- Exercise details -
Without the pictures, restate all of the data below word for word.

- Dataset content -

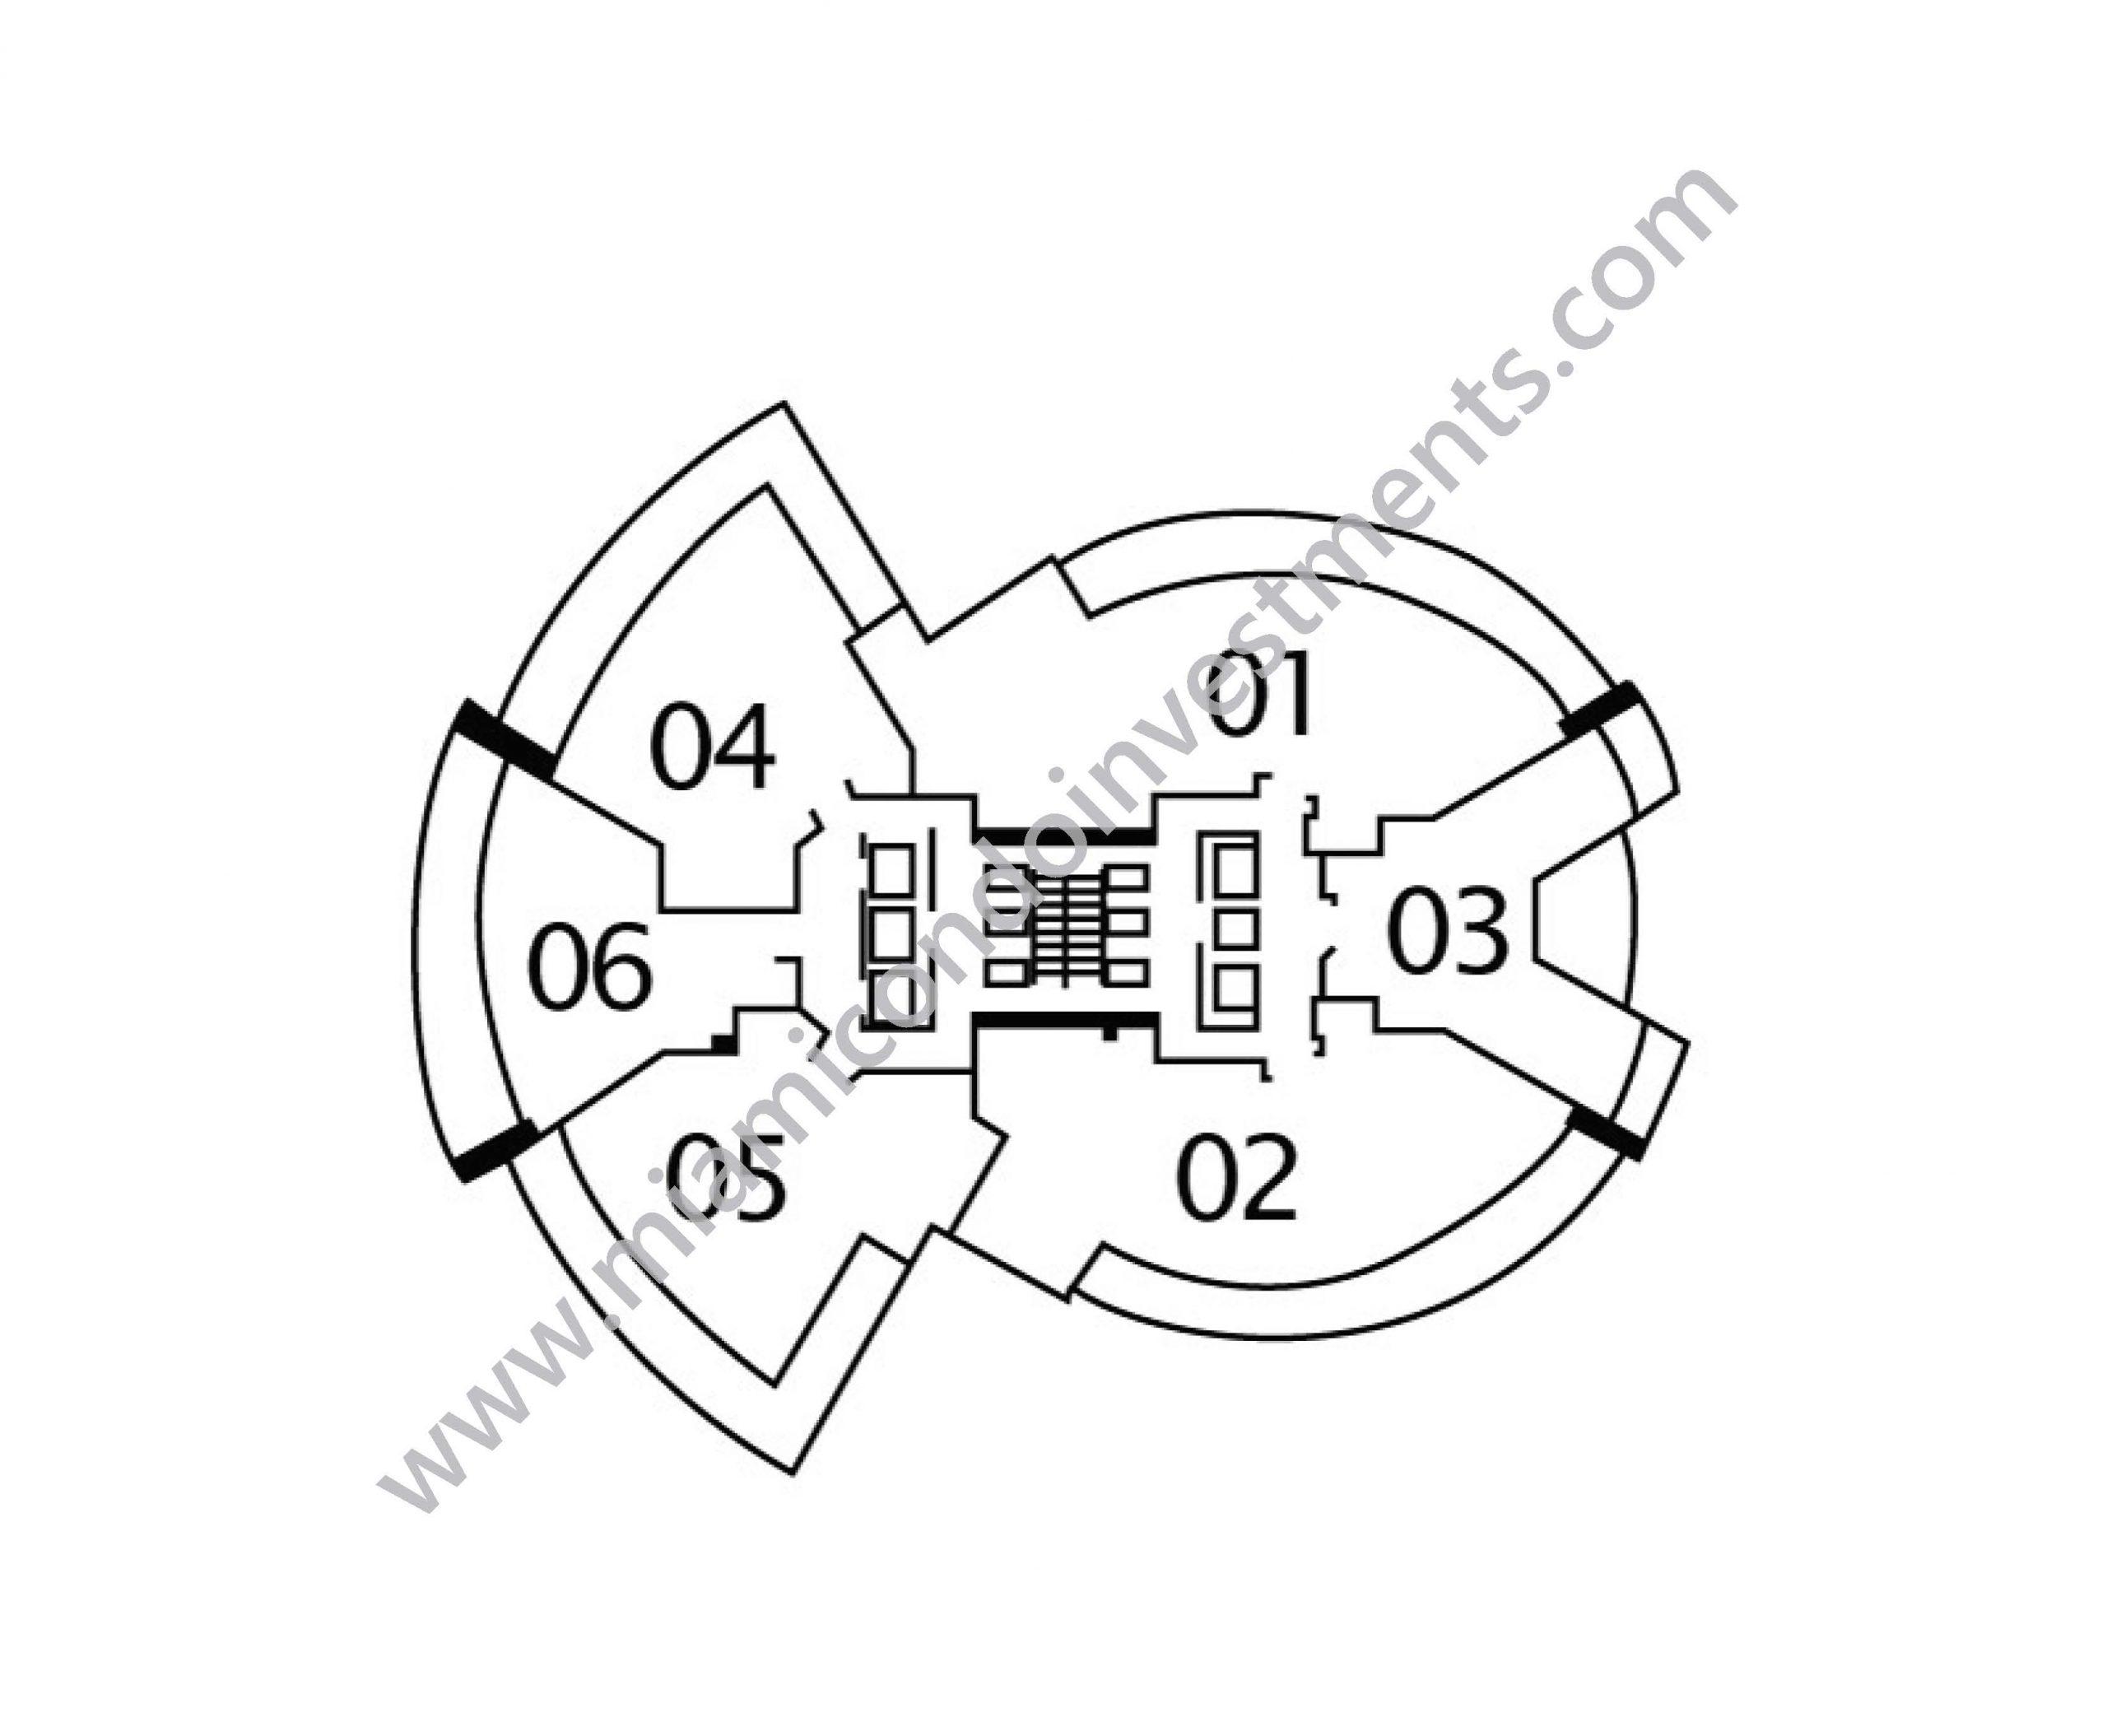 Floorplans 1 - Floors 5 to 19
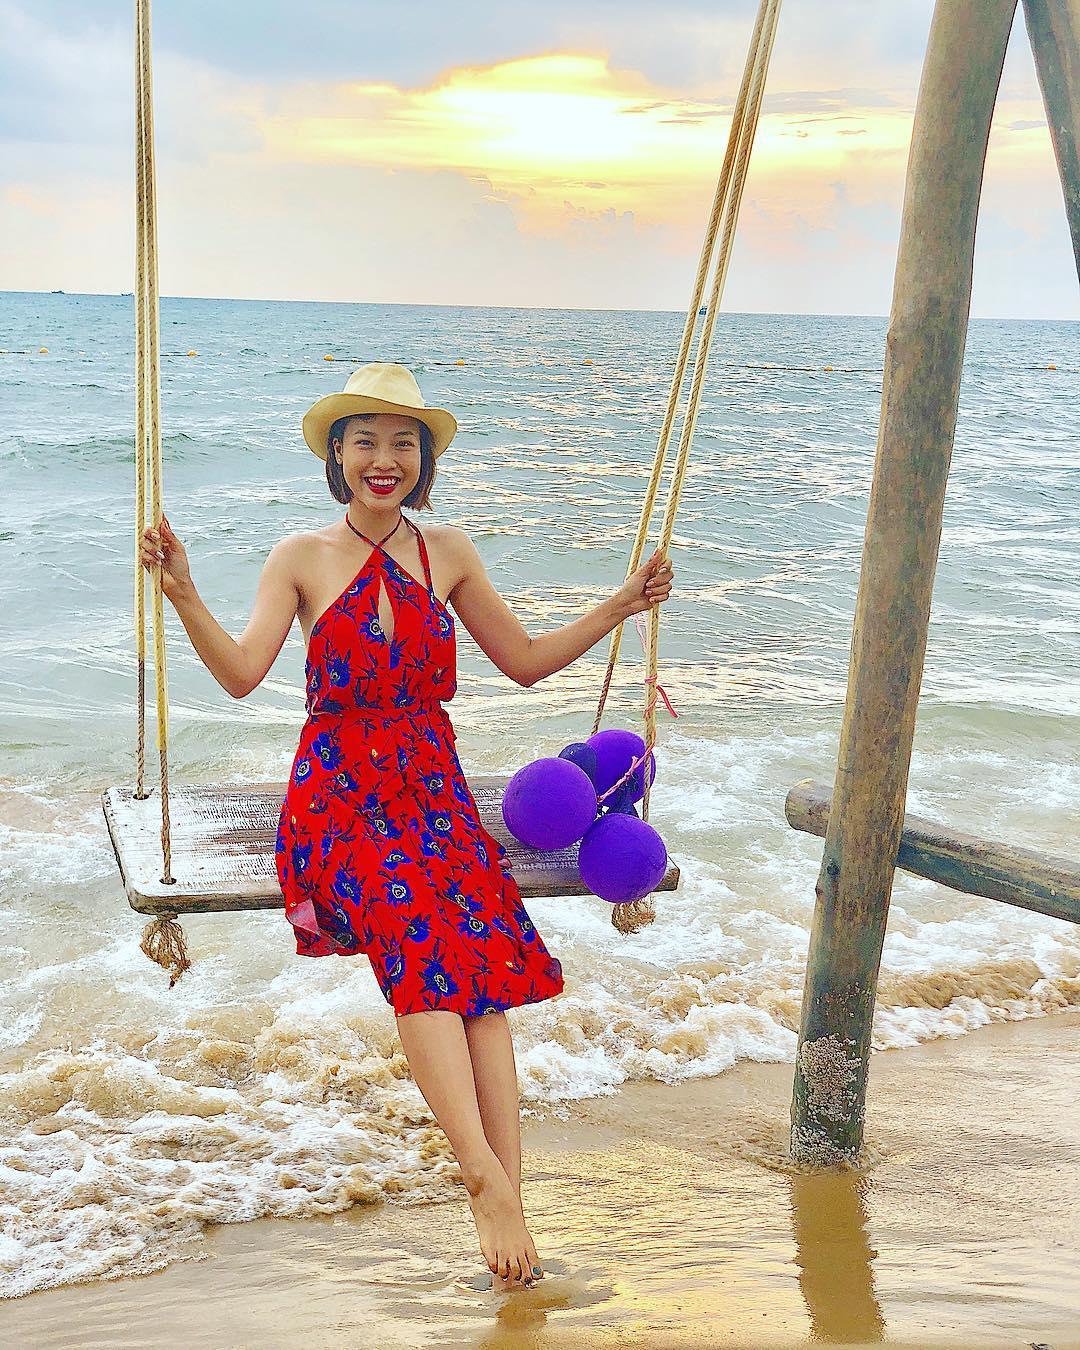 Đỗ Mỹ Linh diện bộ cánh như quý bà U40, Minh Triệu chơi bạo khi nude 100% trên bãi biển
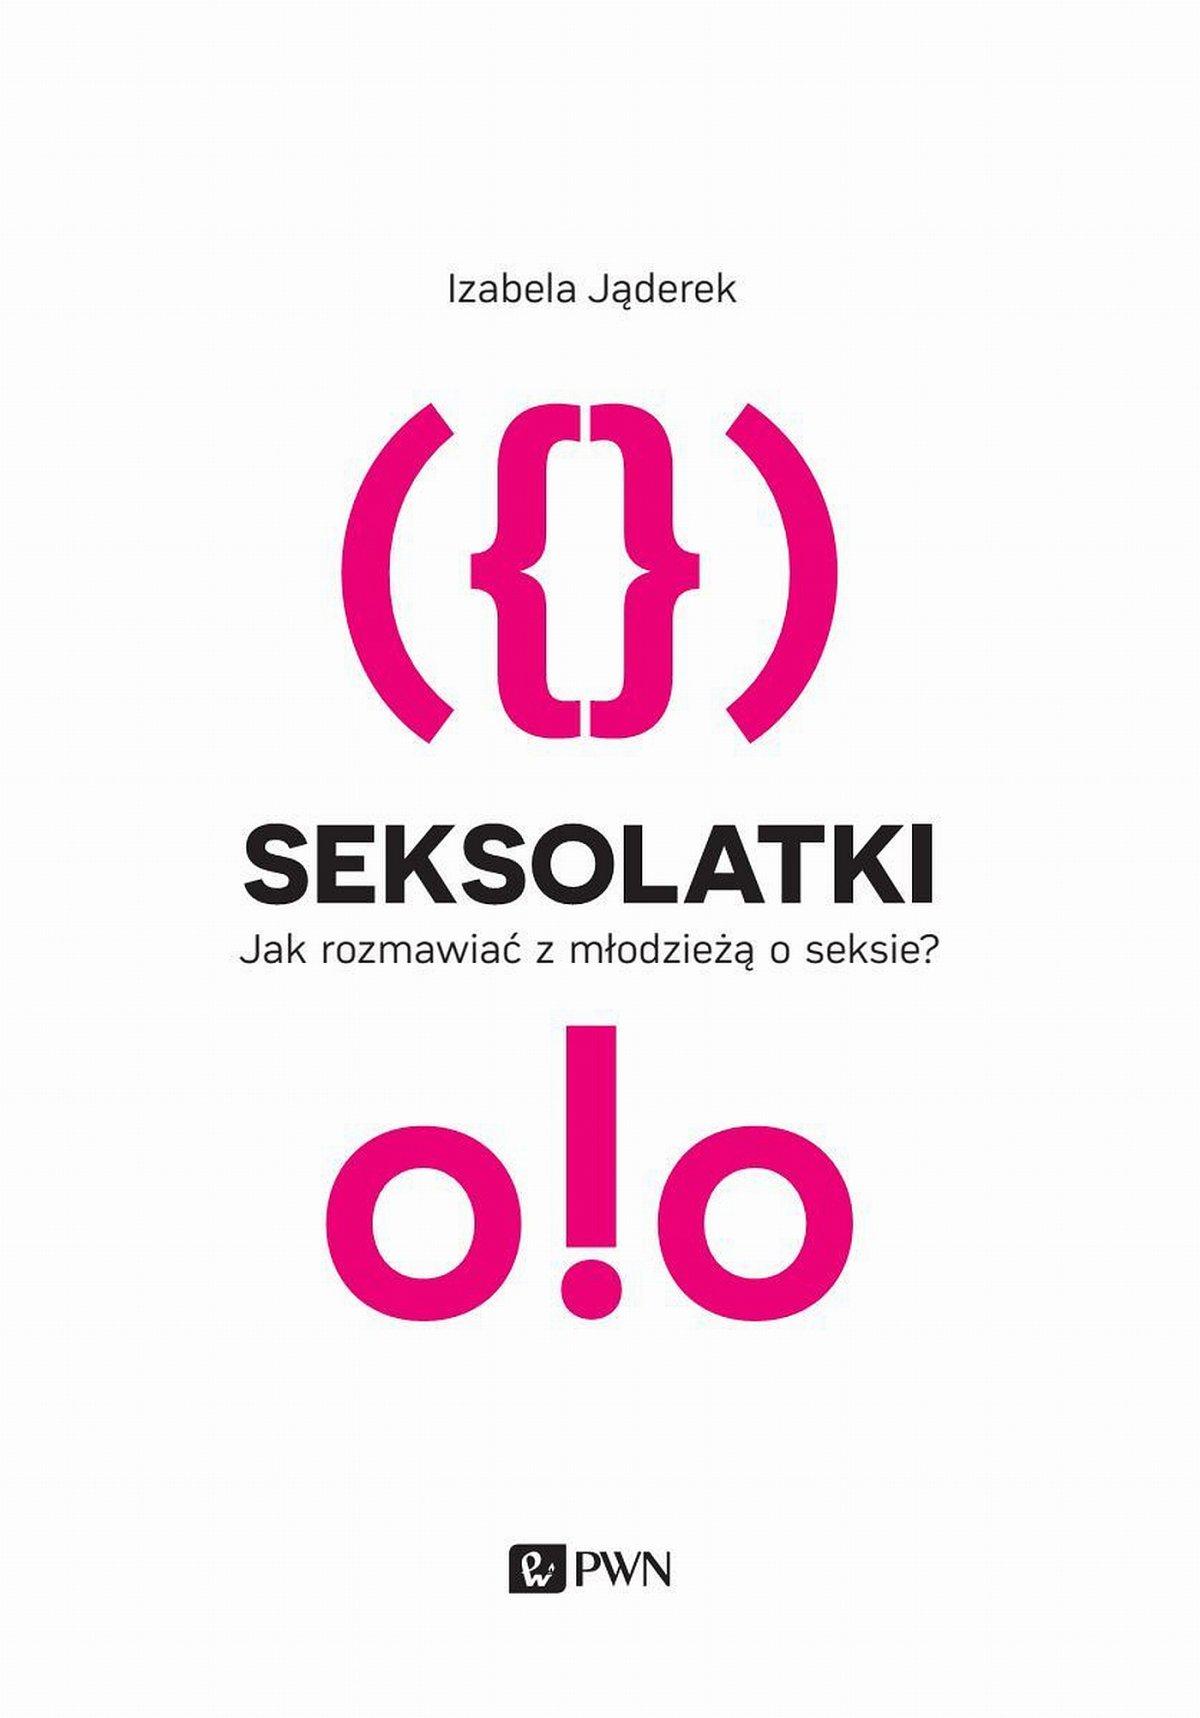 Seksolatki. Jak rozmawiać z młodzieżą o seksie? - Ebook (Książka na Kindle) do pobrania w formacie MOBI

- Task response -
 Floorplans 1 - Floors 5 to 19
 Đỗ Mỹ Linh diện bộ cánh như quý bà U40, Minh Triệu chơi bạo khi nude 100% trên bãi biển
 Seksolatki. Jak rozmawiać z młodzieżą o seksie? - Ebook (Książka na Kindle) do pobrania w formacie MOBI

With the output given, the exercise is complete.